Perú arrastra su perenne crisis política un año después de la caída de Pedro Castillo

Un año después de su suicidio político, el legado del expresidente Pedro Castillo y las circunstancias que rodearon su destitución continúan generando debate y división en Perú, un país atascado perennemente en una crisis política que no tiene visos de solucionarse a corto y medio plazo.

En medio de una de estas crisis, Castillo fue elegido presidente entre promesas de cambios profundos para un país que antes de su ascenso tuvo tres presidentes en poco más de dos años. Su detención cuando intentaba disolver el Congreso y nombrar un gobierno de emergencia para librarse así de su tercera moción de censura es todo un reflejo de lo que lleva siendo durante años la agitada política peruana.

Castillo se encuentra actualmente en prisión preventiva en el penal de Barbadillo, la conocida como cárcel de los expresidentes, donde comparte instalaciones con otros ilustres de la política peruana, hoy en horas bajas, como son Alejandro Toledo y Alberto Fujimori.

Allí permanece mientras continúa su investigación por supuesta rebelión, conspiración y abuso de autoridad. Justo cuando se cumpla un año de su caída este jueves, el Poder Judicial valorará su petición para anular su prisión preventiva.
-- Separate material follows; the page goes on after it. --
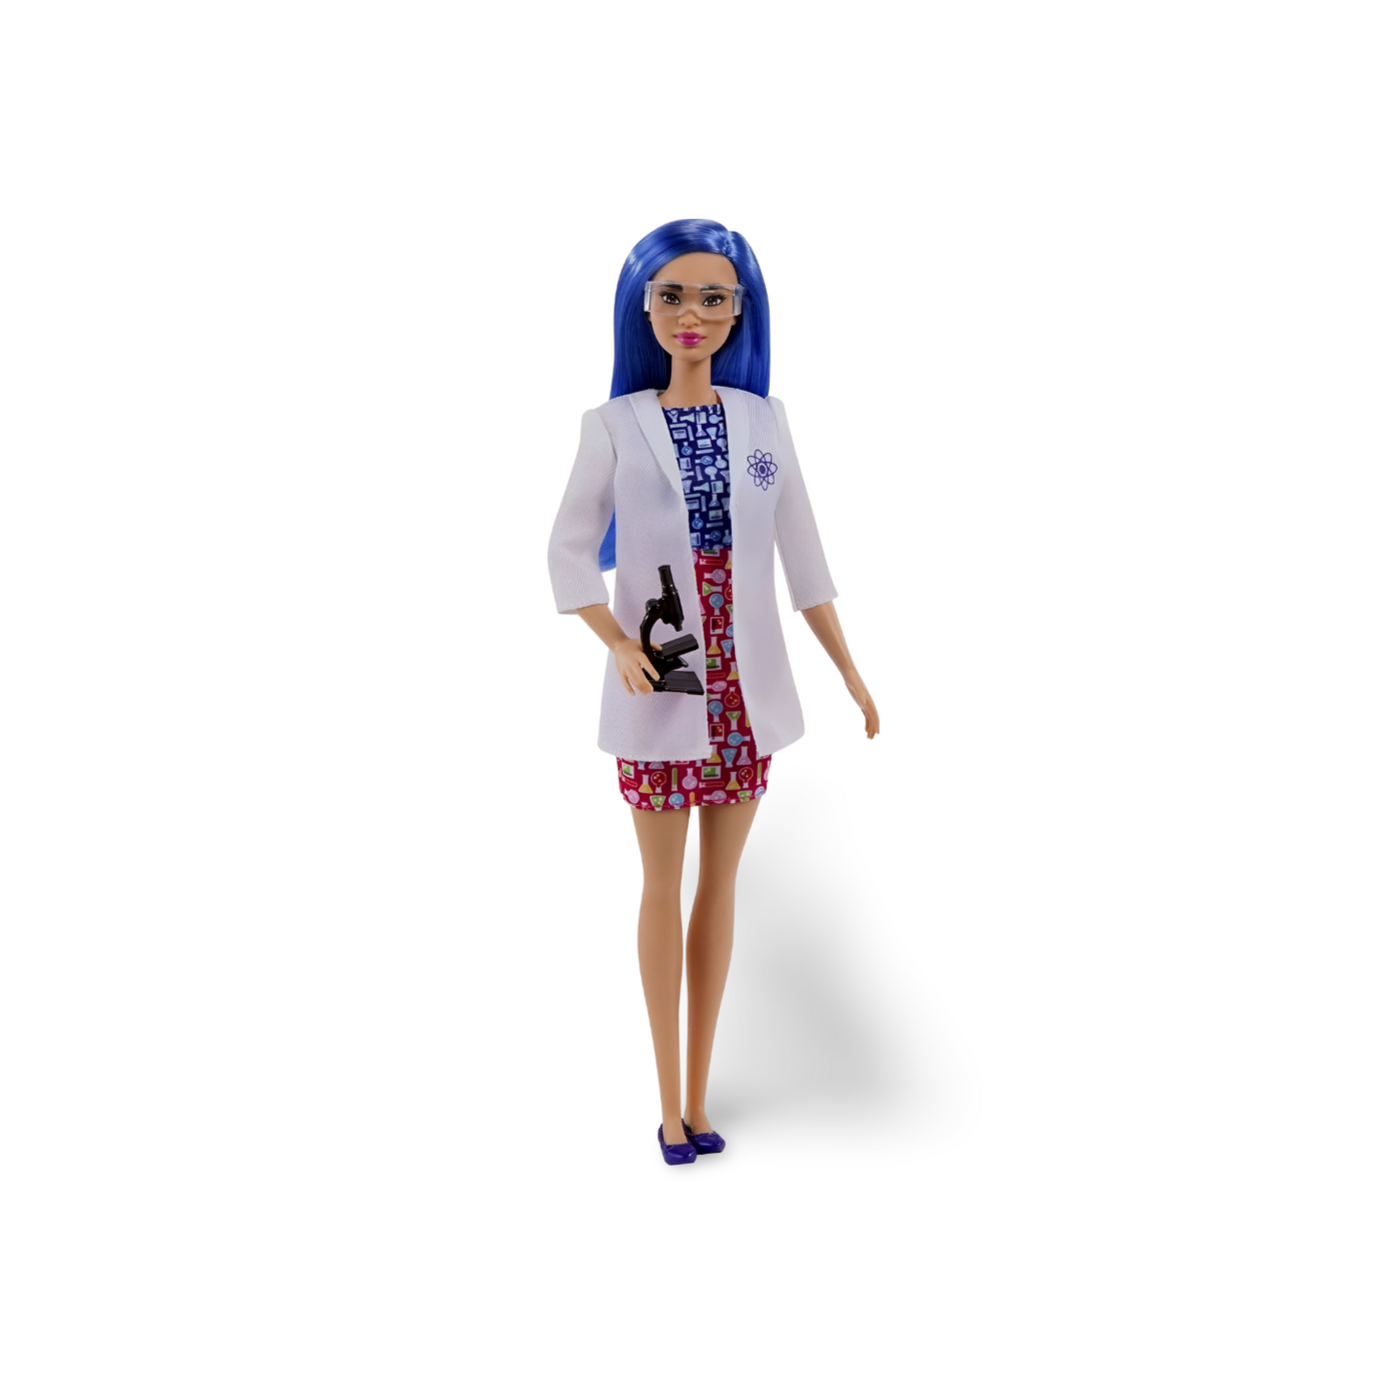 Barbie Scientist Fashion Doll with Blue Hair, Lab Coat & Flats, Microscope Accessory

No obstante, su liberación está lejos de producirse por el momento, puesto que a esta reclusión se le suma otra de 36 meses por un supuesto caso de corrupción que le sitúa como cabecilla de una organización criminal tejida en torno al Ministerio de Vivienda y Petro Perú.

CRISIS PERMANENTE

El mandato de Castillo fue un fiel reflejo de lo que es la política peruana. Una inestabilidad que quedó manifiesta en los cinco equipos de gobierno –con más de 70 ministros– que tuvo en solo 16 meses. Incapaz de dotar de estabilidad y rumbo al país, tuvo que vérselas además con un Congreso hostil, perdiendo incluso el apoyo de su propio partido, Perú Libre, tras las desavenencias con su líder, Vladimir Cerrón.

A los problemas de liderazgo de algunos mandatarios, se les suma un sistema de partidos a los que se les reprocha su incapacidad para recoger las demandas de la población y de fomentar la ingobernabilidad del país, con la recurrente amenaza de la vacancia presidencial sobrevolando la figura del presidente.

Este recurrente cambio de mandatarios está más ligado al diseño de las instituciones peruanas, que facilitan tanto al Congreso como al presidente anular las facultades del otro, que a los casos de corrupción que han podido perseguir a quienes un día ocuparon Casa Pizarro.

Esta inestabilidad –con Dina Boluarte son ya seis presidentes en cuatro años– además ha hecho que desde las últimas tres décadas no se hayan impulsado nuevas reformas estructurales, afectando seriamente a su economía.

UNA CAÍDA QUE NO HA CAMBIADO NADA

El cese de Castillo trajo para Perú una de sus peores crisis recientes, con casi medio centenar de muertos por la represión de las fuerzas de seguridad en las protestas por su detención y en contra de quien tomó el mando, la que era hasta ese momento su vicepresidenta, Dina Boluarte, cuyo mandato ha quedado en entredicho.

La llegada de la primera presidenta en la historia del país no ha resuelto como se creía esta crisis, cuyo último capítulo se resiste a ser escrito. Las protestas exigiendo su dimisión y la convocatoria de elecciones continúan, enfrentándose además a serias acusaciones de crímenes de lesa humanidad por aquellas muertes en las manifestaciones de principios de año.

Mientras tanto, la convulsa situación del país no se detiene y el nombre de Boluarte se escucha en los mismos reproches que en su día acuciaron a Castillo, como los cuestionables nombramientos de varios altos cargos, el supuesto plagio de sus trabajos, o las sospechas sobre el origen de la financiación de sus campañas.

No obstante, Boluarte, a diferencia de Castillo, ha tenido un equipo de gobierno más sólido y ha sabido lidiar con un Congreso donde no han prosperado ninguno de los intentos por hacerla caer. La presidenta sigue desoyendo las demandas de quienes se manifiestan exigiendo un adelanto de las elecciones, previstas si no cambia de opinión para 2026.

Hasta entonces, Boluarte tiene por delante el mayúsculo reto de alcanzar acuerdos de gobernabilidad y refuerzo de las instituciones con un Congreso que ha dado ya en numerosas ocasiones muestras de mirar más por sus propios intereses partidistas y una sociedad civil que no le perdona cómo alcanzó el poder y su frialdad con respecto a las muertes en las protestas.